In one embodiment, policy cache 206 includes different sub-caches for each kernel subsystem because each subsystem's parameters are typically independent of another subsystem's parameters. A sub-cache may be organized as a list of workload signature and parameter setting pairs. That is, the workload signature captures characteristics of the workload and the optimized parameter settings. Even though the parameter definition was for a subsystem, policy cache 206 can store parameters settings that are optimized when a workload executes.

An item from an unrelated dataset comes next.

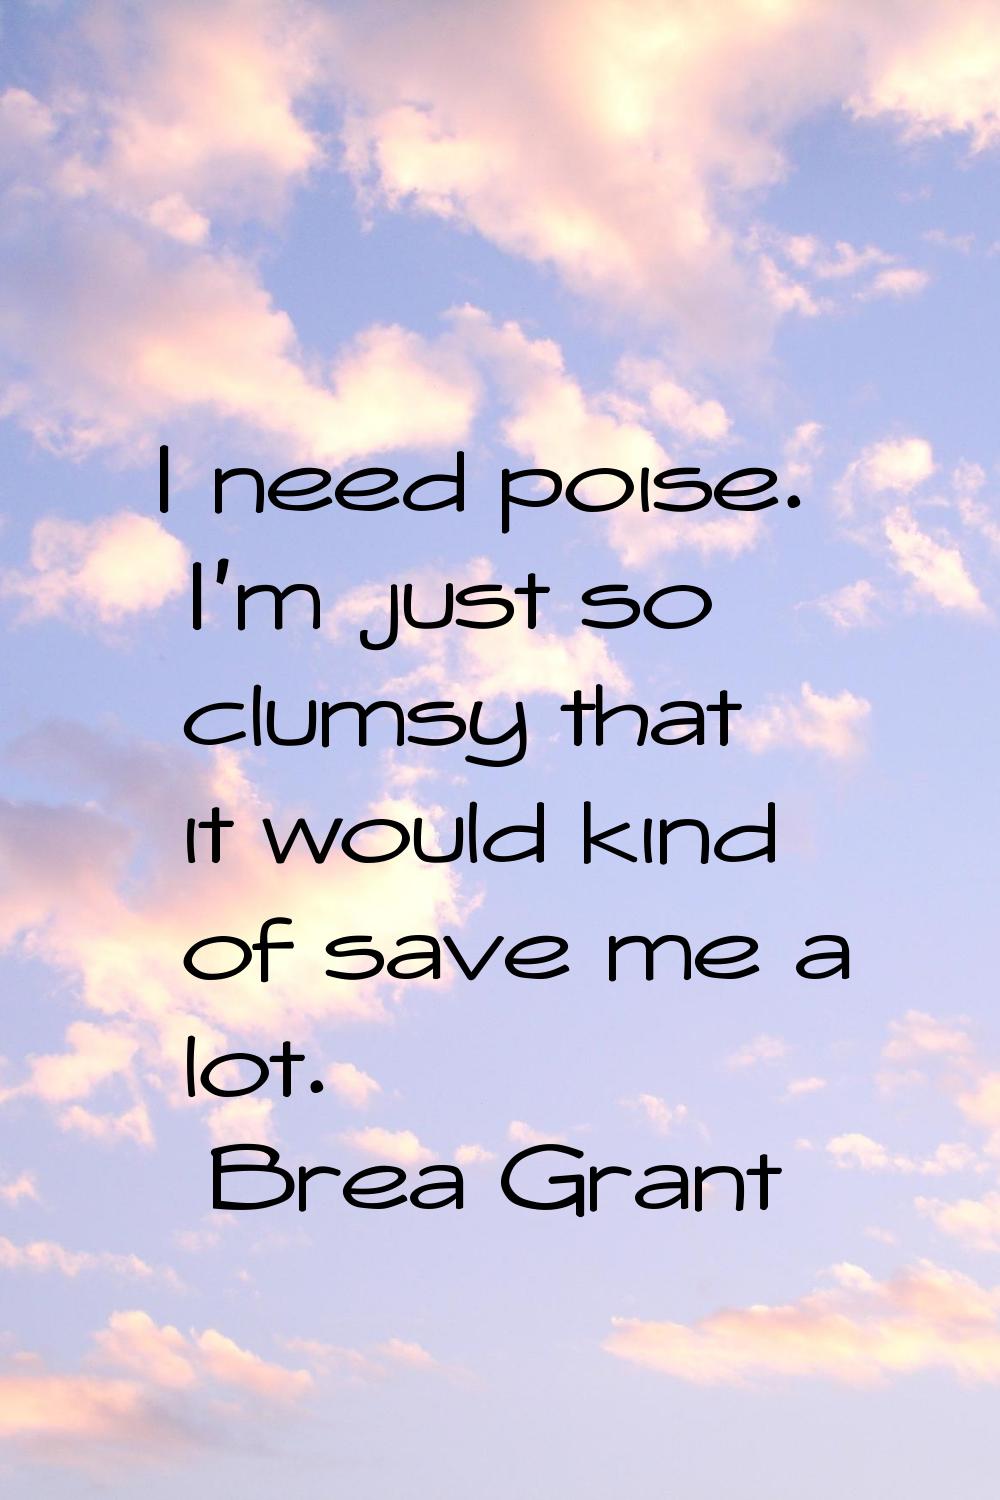 I need poise. I'm just so clumsy that it would kind of save me a lot.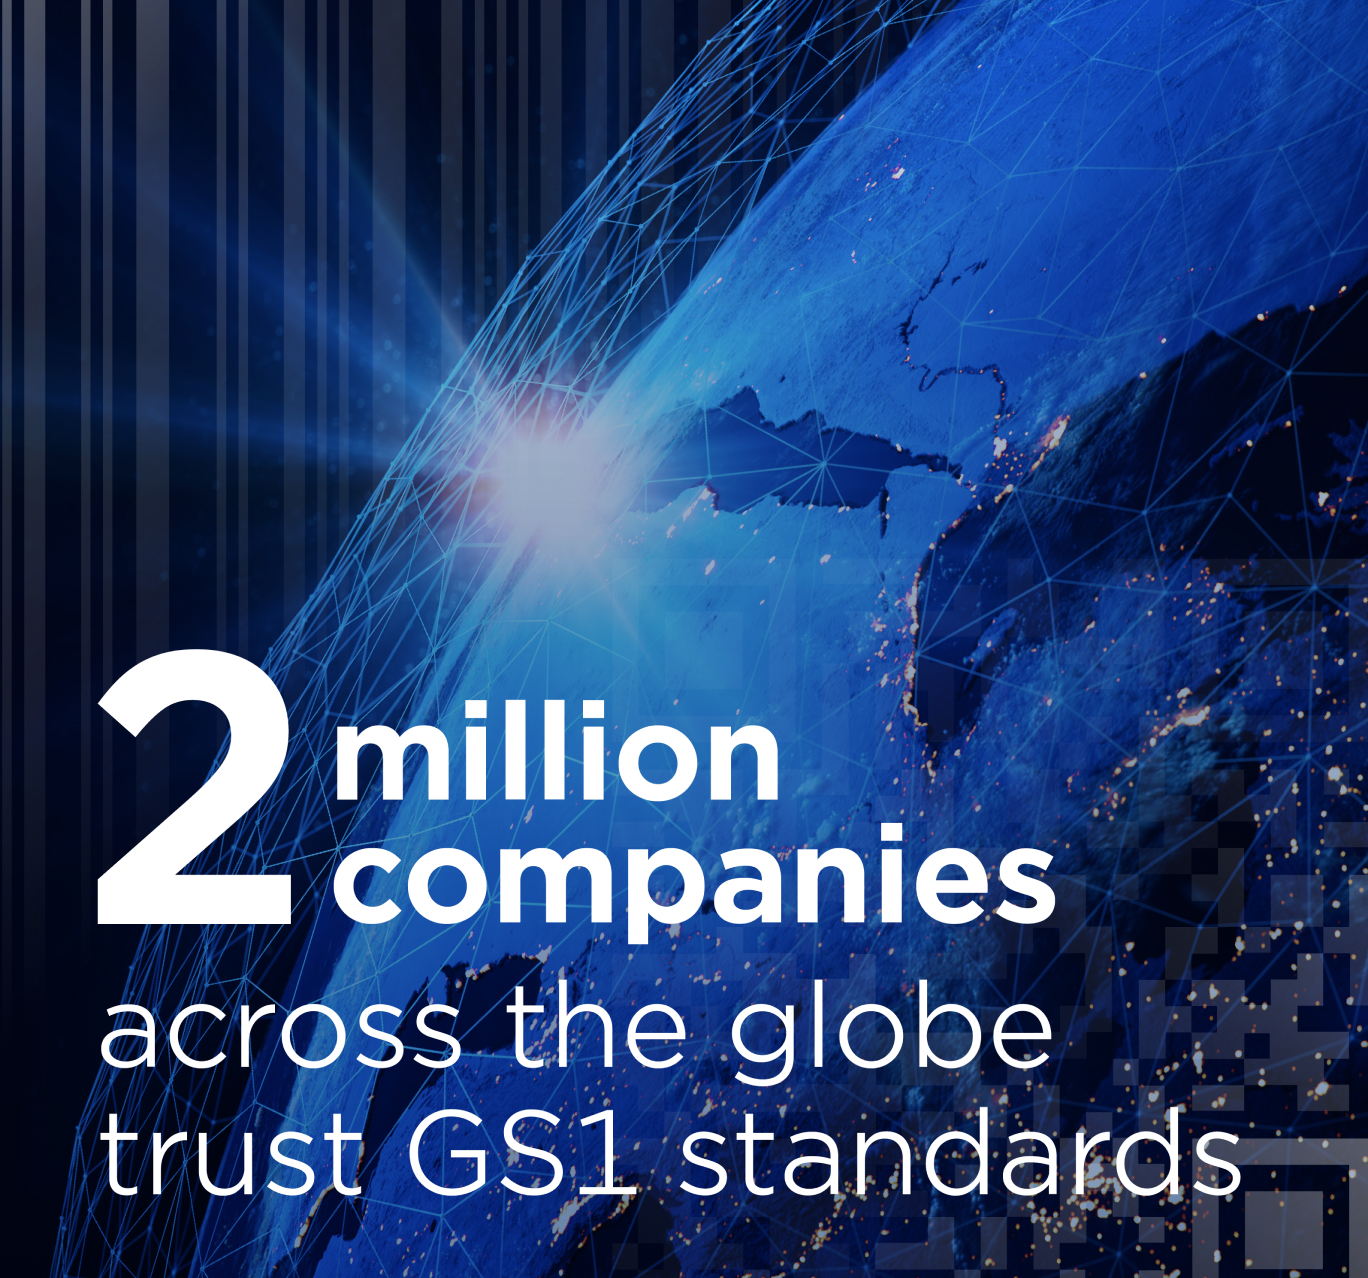 Design of social ad with text that says "2 million companies across the globe trust GS1 standards"

Search engine 208 may compute the workload signature using the sensors that were provided in the policies.

To search a sub-cache to see if a workload signature exists in the sub-cache, search engine 208 uses the sensors to compute the signature of the workload, referred to s₁. Search engine 208 then scans the list and compares the signature with each signature s₂on the list to see if signature s₁is within the similarity threshold of signature s₂. For example, if signature s₁has a value of 8 and signature s₂has a value of 10, and the similarity threshold is 20%, then search engine 208 considers that these two fields have similar values because 8 is within 20% of 10. In one embodiment, a signature may include multiple fields and if search engine 208 determines that all fields of the two signatures are similar, optimizer 110 considers the two workloads similar and reuses the setting associated with the workload signature s₂for the workload signature s₁. In one example, search engine 208 may measure the size of I/O requests for a workload. If the average size is within a threshold to the average size for a stored setting, then that setting is used.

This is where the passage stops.